--- COLLECTED DATA Enclosed Below ---
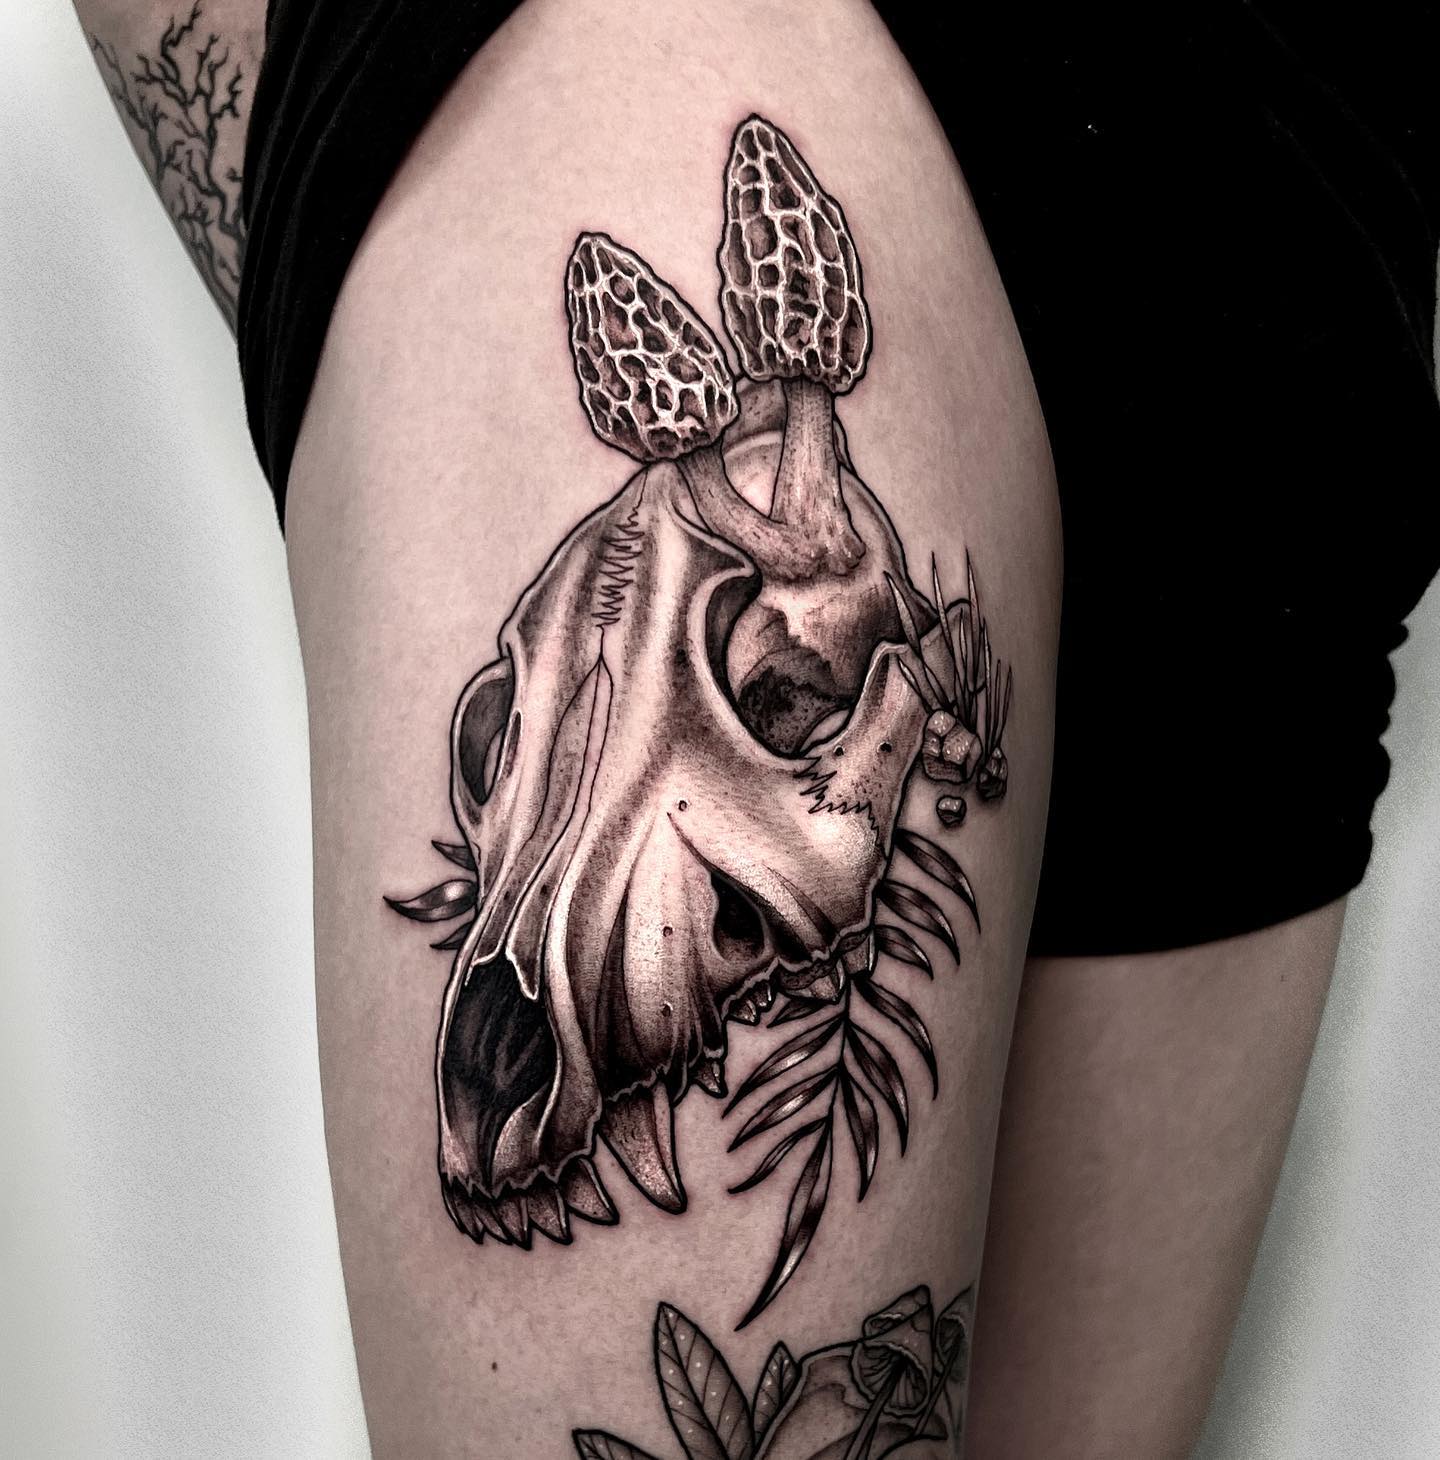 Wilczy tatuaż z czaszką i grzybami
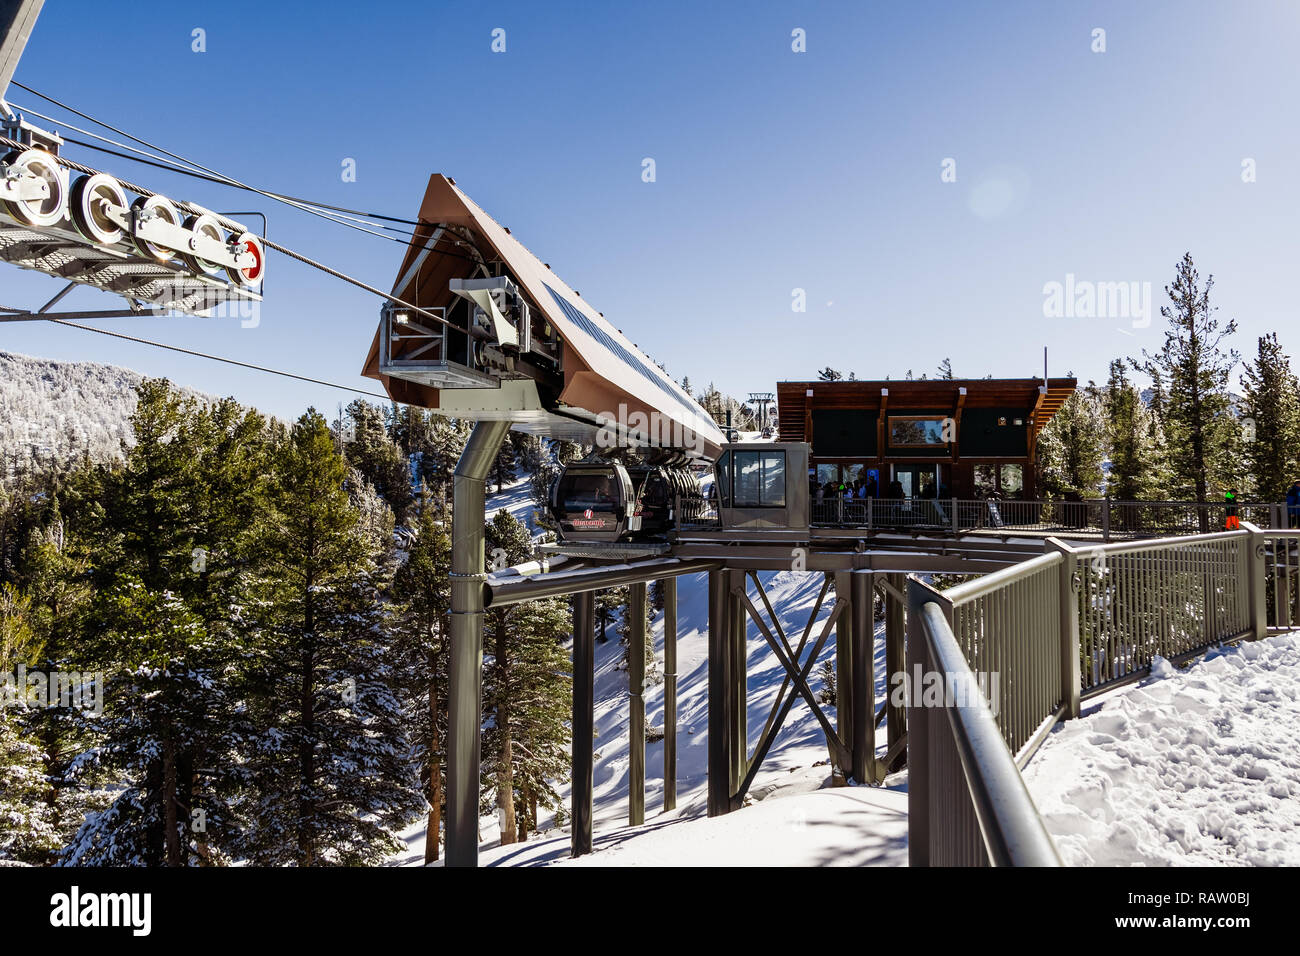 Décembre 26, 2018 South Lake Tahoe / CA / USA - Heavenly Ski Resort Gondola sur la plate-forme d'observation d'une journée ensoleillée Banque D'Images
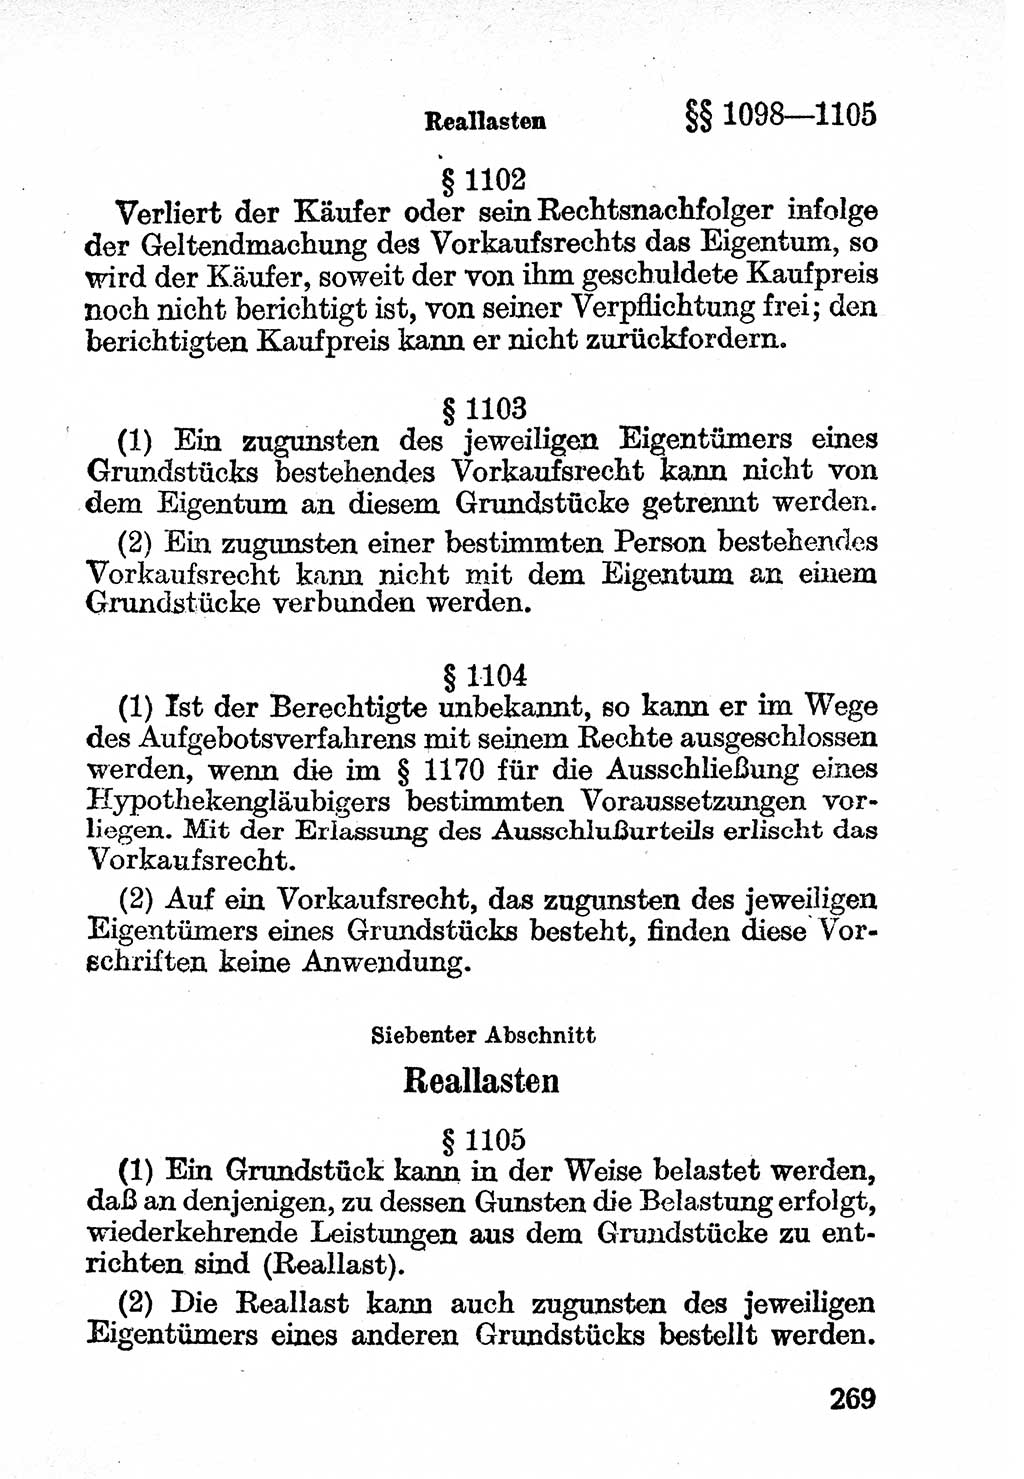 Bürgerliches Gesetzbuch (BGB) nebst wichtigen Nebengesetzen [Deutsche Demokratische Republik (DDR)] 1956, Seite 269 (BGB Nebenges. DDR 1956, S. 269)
--- End of Enclosed COLLECTED DATA ---
## PROBLEM REQUIREMENTS:
Only the pictures are to be dropped; return everything else in the listing exactly.

## RESULT:
 Wilczy tatuaż z czaszką i grzybami
 Décembre 26, 2018 South Lake Tahoe / CA / USA - Heavenly Ski Resort Gondola sur la plate-forme d'observation d'une journée ensoleillée Banque D'Images
 Bürgerliches Gesetzbuch (BGB) nebst wichtigen Nebengesetzen [Deutsche Demokratische Republik (DDR)] 1956, Seite 269 (BGB Nebenges. DDR 1956, S. 269)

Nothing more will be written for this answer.